Предпочтение и отклонение, а также акты выбора и принимаемые решения, в которых они реализуются, не являются актами измерения. Деятельность не измеряет полезность или ценность; она выбирает между альтернативными вариантами. Не существует абстрактной проблемы совокупной полезности или совокупной ценности[1Важно отметить, что эта глава рассматривает не цены или рыночную ценность, а субъективную потребительную ценность. Cм. гл. XVI.]. Нет рациональной процедуры, которая вела бы от оценки определенного количества или числа вещей к определению ценности большего или меньшего количества или числа. Не существует способов подсчета совокупной ценности запаса, если известны только ценности его частей. Отсутствуют способы установления ценности части запаса, если известна только ценность совокупного запаса. В мире ценности и оценок нет арифметических действий; вычисления ценности не существует. Оценка совокупного запаса из двух предметов может отличаться от оценки частей этого запаса. Человек, имеющий семь коров и семь лошадей, может ценить одну лошадь выше, чем одну корову, и когда встанет перед выбором, предпочтет отказаться от одной коровы, а не от одной лошади. Но в то же время, если ему придется выбирать между всем запасом лошадей и всем запасом коров, этот же человек может предпочесть оставить коров и отказаться от лошадей. Понятия совокупной полезности и совокупной ценности бессмысленны, если не применяются в ситуации, где люди должны делать выбор между совокупными запасами. Вопрос о том, что более полезно и ценно – золото как таковое или железо как таковое, имеет смысл только в ситуации, где человечеству или какой-либо изолированной части человечества предстоит выбирать между всем имеющимся золотом и всем имеющимся железом.

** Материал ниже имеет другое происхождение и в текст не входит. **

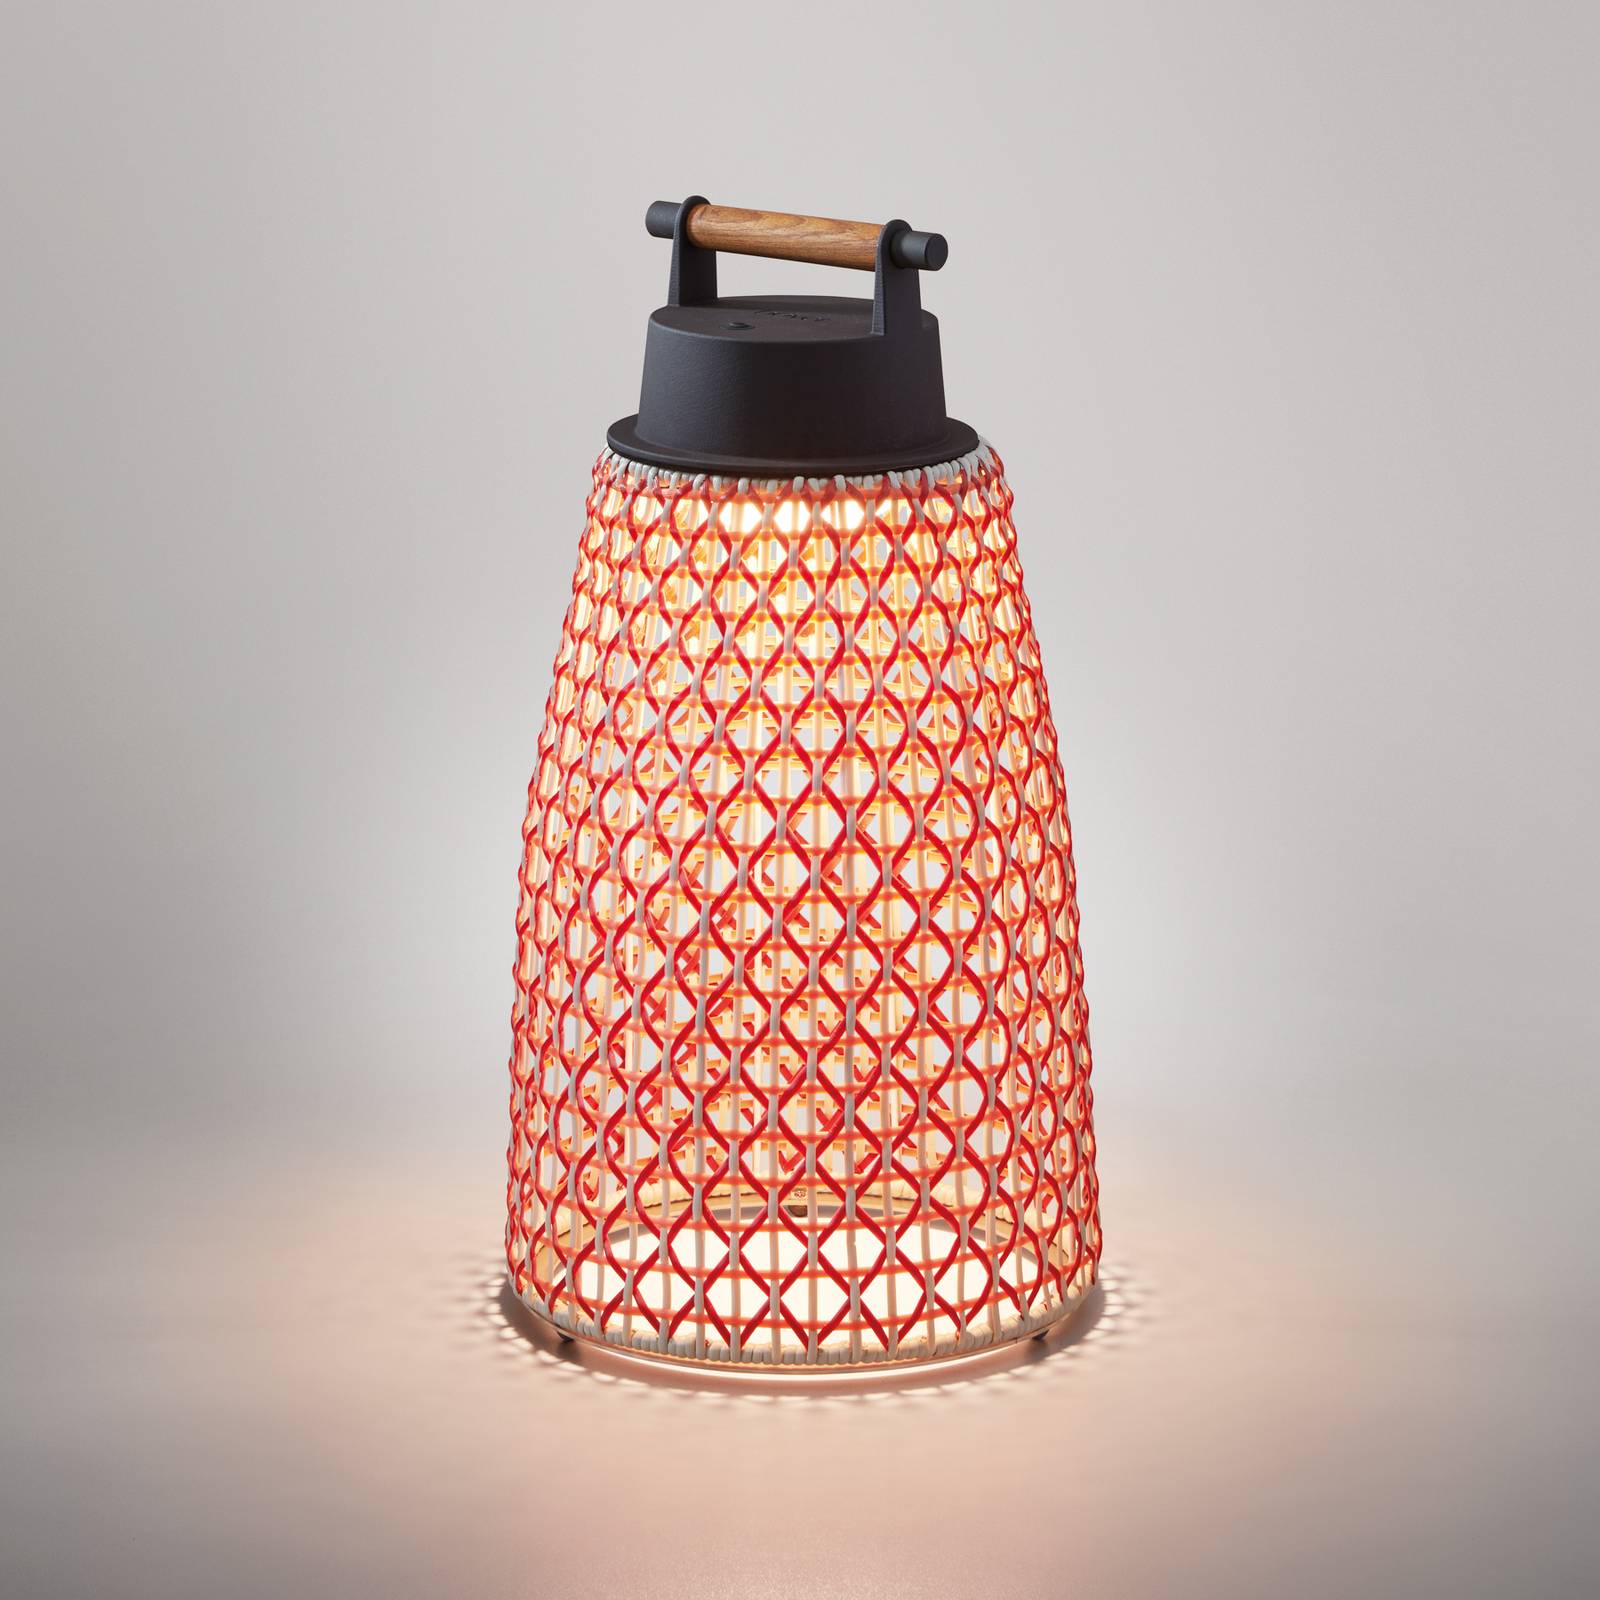 Bover Nabíjecí stolní lampa Bover Nans M/49/R pro venkovní použití, červená

Субъективная оценка относится только к запасу, с которым связан конкретный акт выбора. Запас ex definitione[*По определению (лат.). – Прим. пер.] всегда состоит из однородных частей, каждая из которых способна оказывать одни и те же услуги и быть замененной любой другой частью. Поэтому для акта выбора несущественно какая именно часть является его объектом. Все части – единицы – имеющегося запаса считаются равно полезными и ценными, если возникает необходимость отказаться от одной из них. Если запас уменьшился в результате утраты одной единицы, действующий человек должен заново решать как использовать разные единицы оставшегося запаса. Очевидно, что меньший запас не способен оказать всех тех услуг, которые мог оказать больший запас. То применение разных единиц, которое в новых условиях более не обеспечивается, было, по мнению действующего человека, наименее насущным применением из тех, которые были назначены разным единицам большего запаса. Удовлетворение, которое он получает от использования одной единицы по этому назначению, было наименьшим среди удовлетворений, приносимых ему единицами большего запаса. Именно ценность этого предельного удовлетворения и составляет предмет решения, когда встает вопрос об отказе от одной единицы совокупного запаса. Сталкиваясь с проблемой приписывания ценности одной единице однородного запаса, человек принимает решение исходя из ценности наименее важного применения, которое он находит для единиц совокупного запаса; он принимает решение исходя из предельной полезности.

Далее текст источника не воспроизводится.